= History of Materialism and Critique of Its Present Importance =

19th century philosophical work by Friedrich Albert Lange

History of Materialism and Critique of Its Present Importance (Geschichte des Materialismus und Kritik seiner Bedeutung in der Gegenwart) is a philosophical work by Friedrich Albert Lange, originally written in German and published in October 1865 (although the year of publication was given as 1866). Lange vastly extended the second edition published in two volumes in 1873–75. A three-volume English translation of the opus was published 1877–81.

==Contents==
Adopting the Kantian standpoint that we can know nothing but phenomena, Lange maintains that neither materialism nor any other metaphysical system has a valid claim to ultimate truth. For empirical phenomenal knowledge, however, which is all that humans can look for, materialism with its exact scientific methods has done most valuable service. Ideal metaphysics, though they fail of the inner truth of things, have a value as the embodiment of high aspirations, in the same way as poetry and religion. Lange replaced the transcendental subject of Kantianism by the organism, although he considered that this substitution validated all the more Kant's philosophy that the subject apprehended the world through the categories of understanding.

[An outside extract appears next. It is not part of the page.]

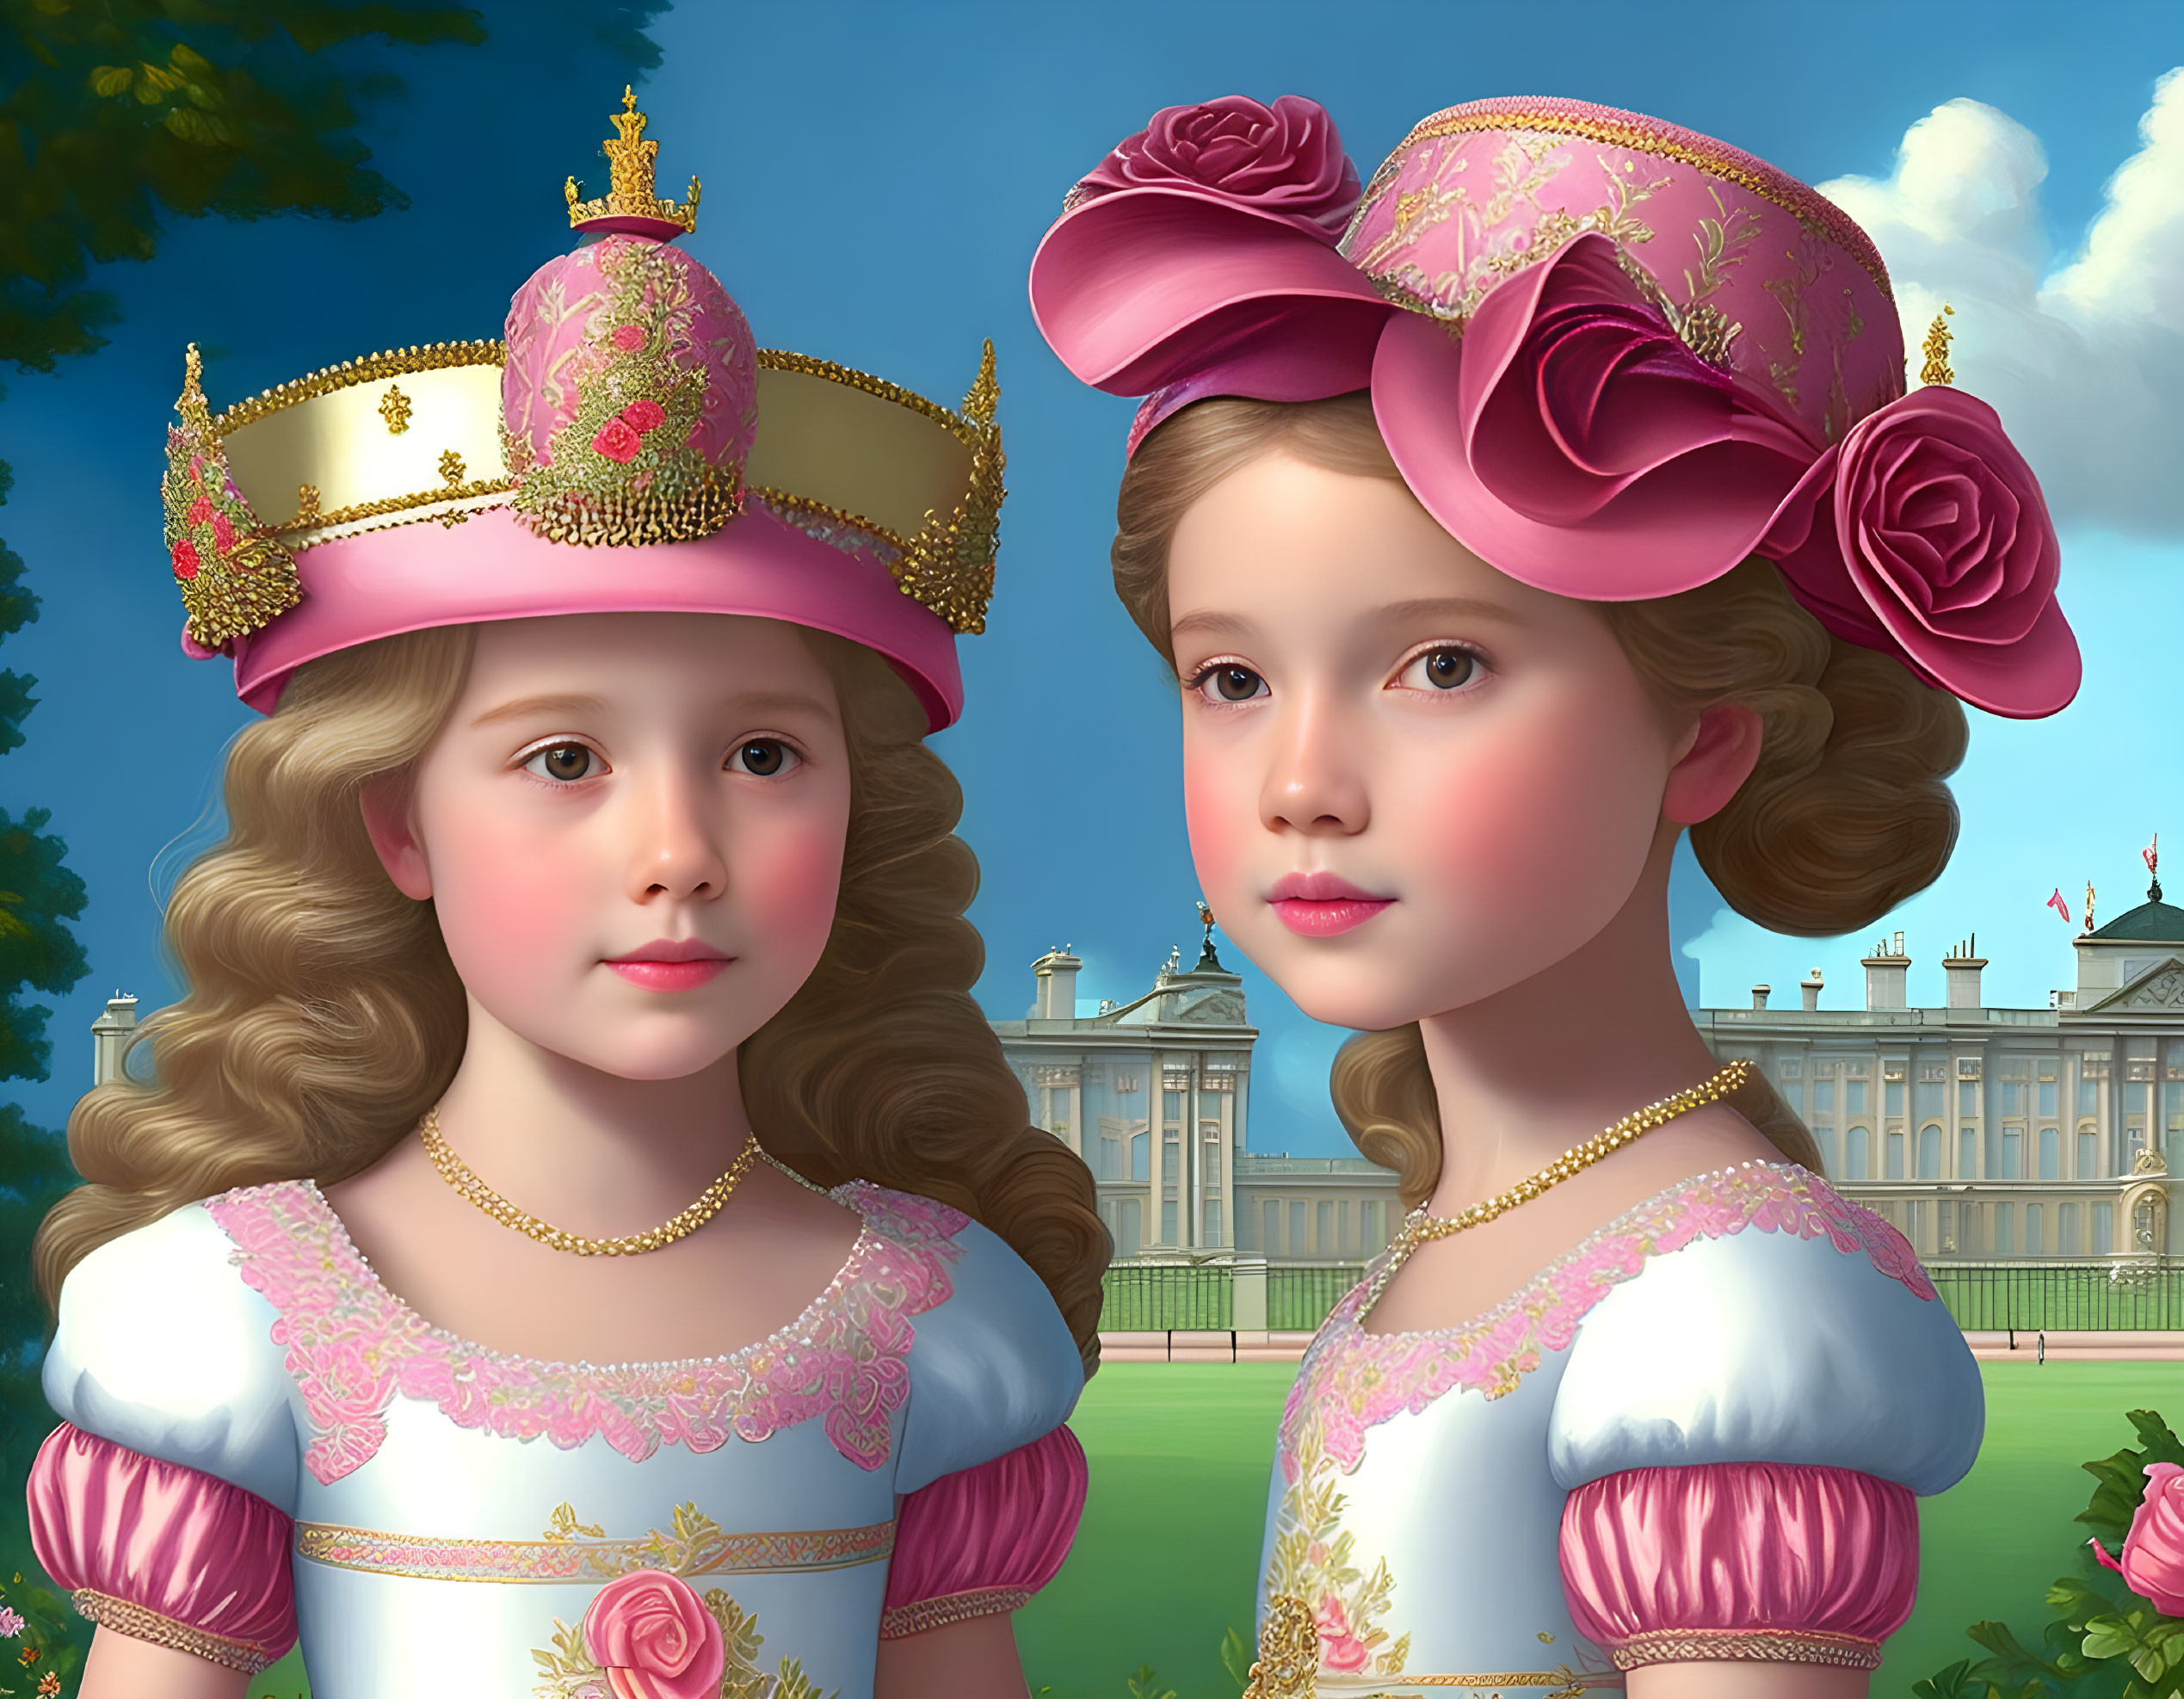 Little princesses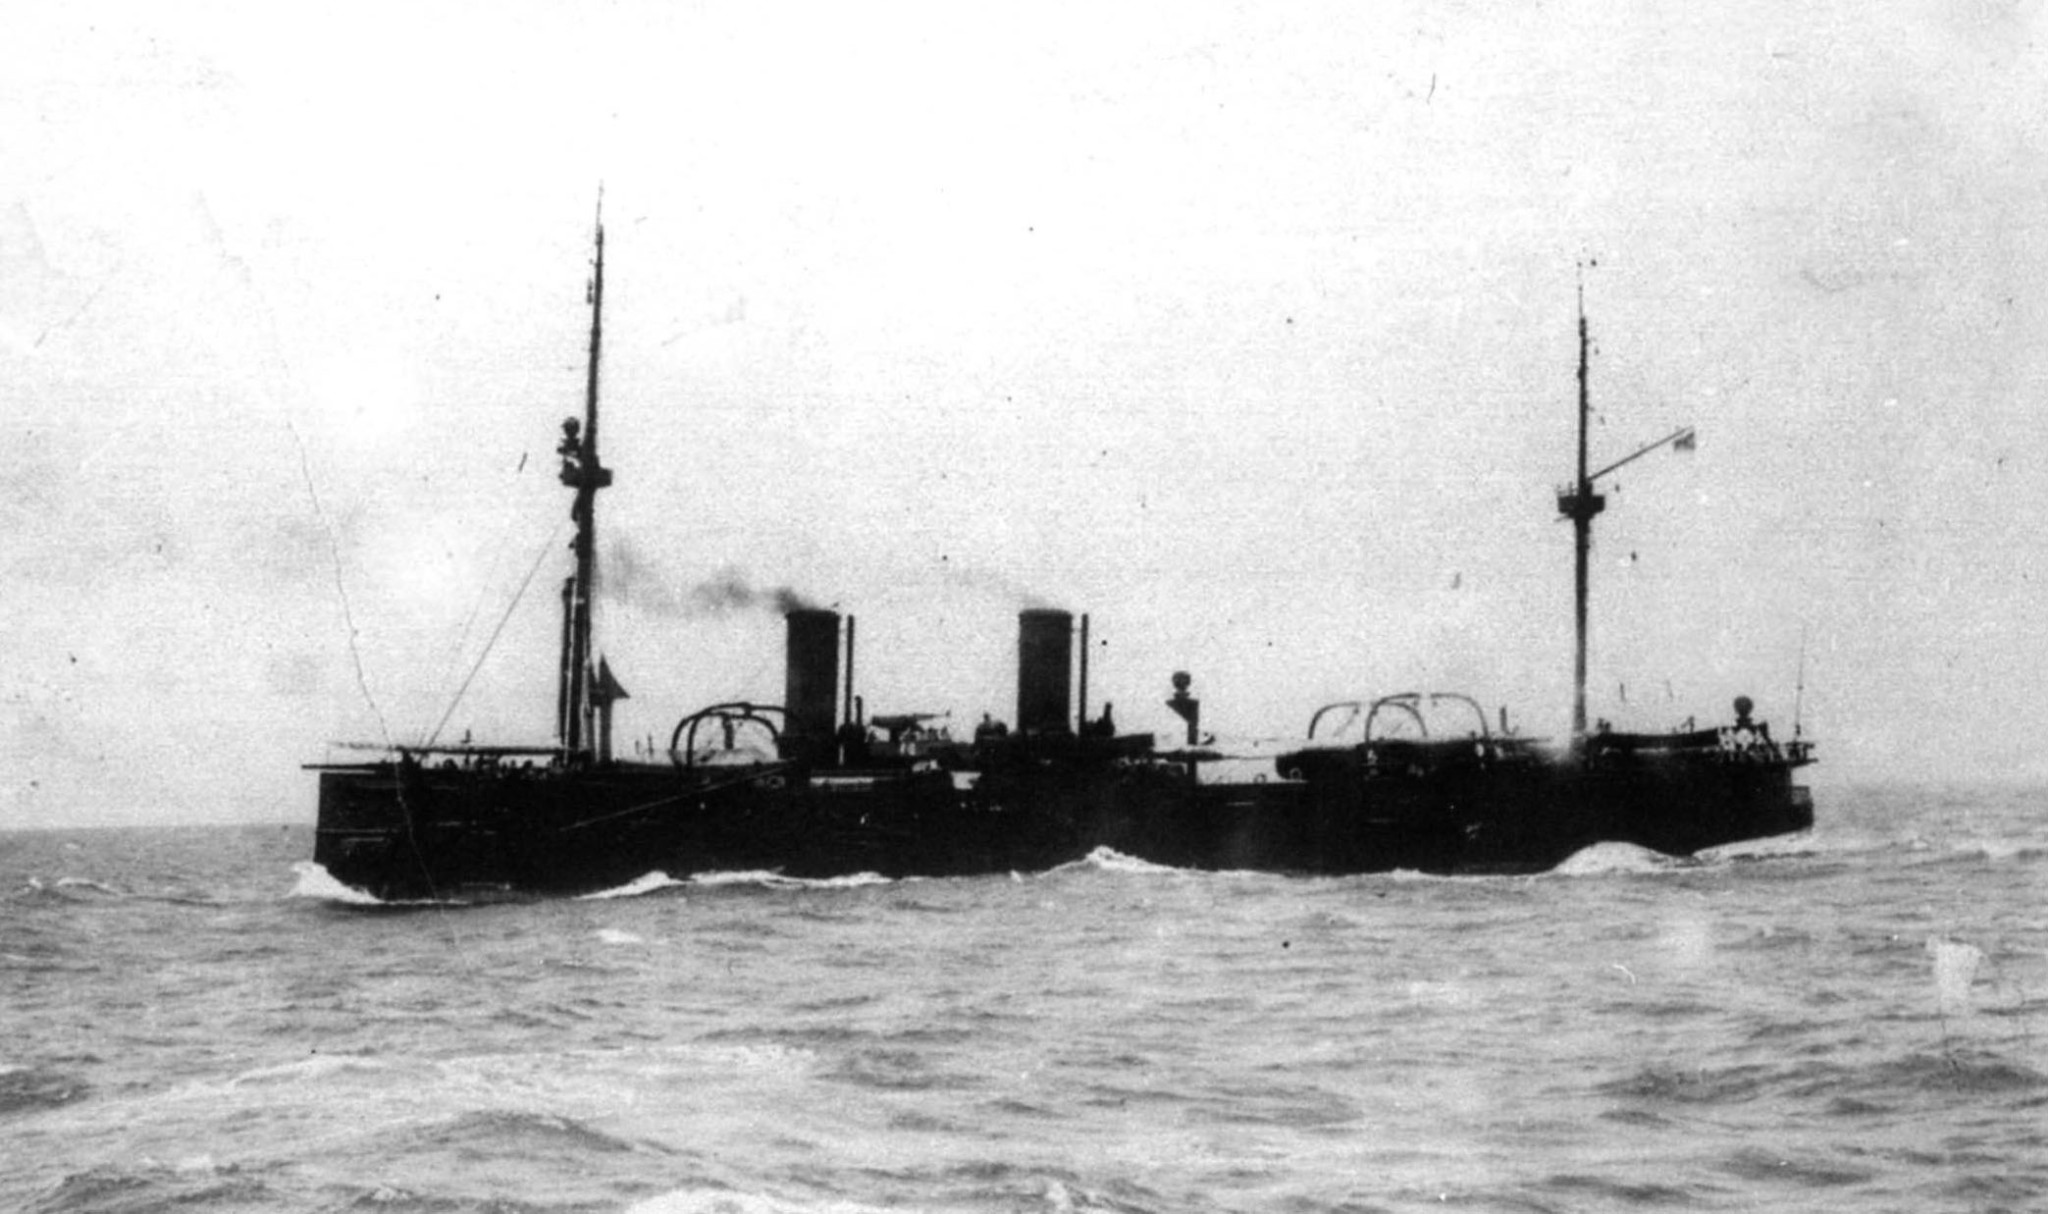 Zdjęcie wykonano na krótko przed bitwą pod Cuszimą, podczas której krążownik zatonął (w nocy w wyniku japońskich ataków torpedowych).

Lange suggests that the methods for real science were present in Democritus's atomistic materialism. However, atomistic materialism implies that the soul, like the body, is fated to be snuffed out: such a view made Democritus quite unattractive to virtually all world religions so Democritus was ignored and marginalised by the history of philosophy, in spite of being one of the greatest thinkers of the ancient Greek world.

Lange mentions Max Stirner's book The Ego and Its Own as "the extremest that we know anywhere". He also mentioned Blanqui's L'Eternité par les astres, which discussed the thesis of an Eternal Return.

Lange's work exerted a profound influence on Friedrich Nietzsche, who aimed at radicalising Lange's viewpoint beyond Kant. At one time Nietzsche planned to write a dissertation on the notion of organism in Kant's philosophy (letter to Paul Deussen). He also envisioned sending a work on Democritus, a major focus of Lange, to Deussen.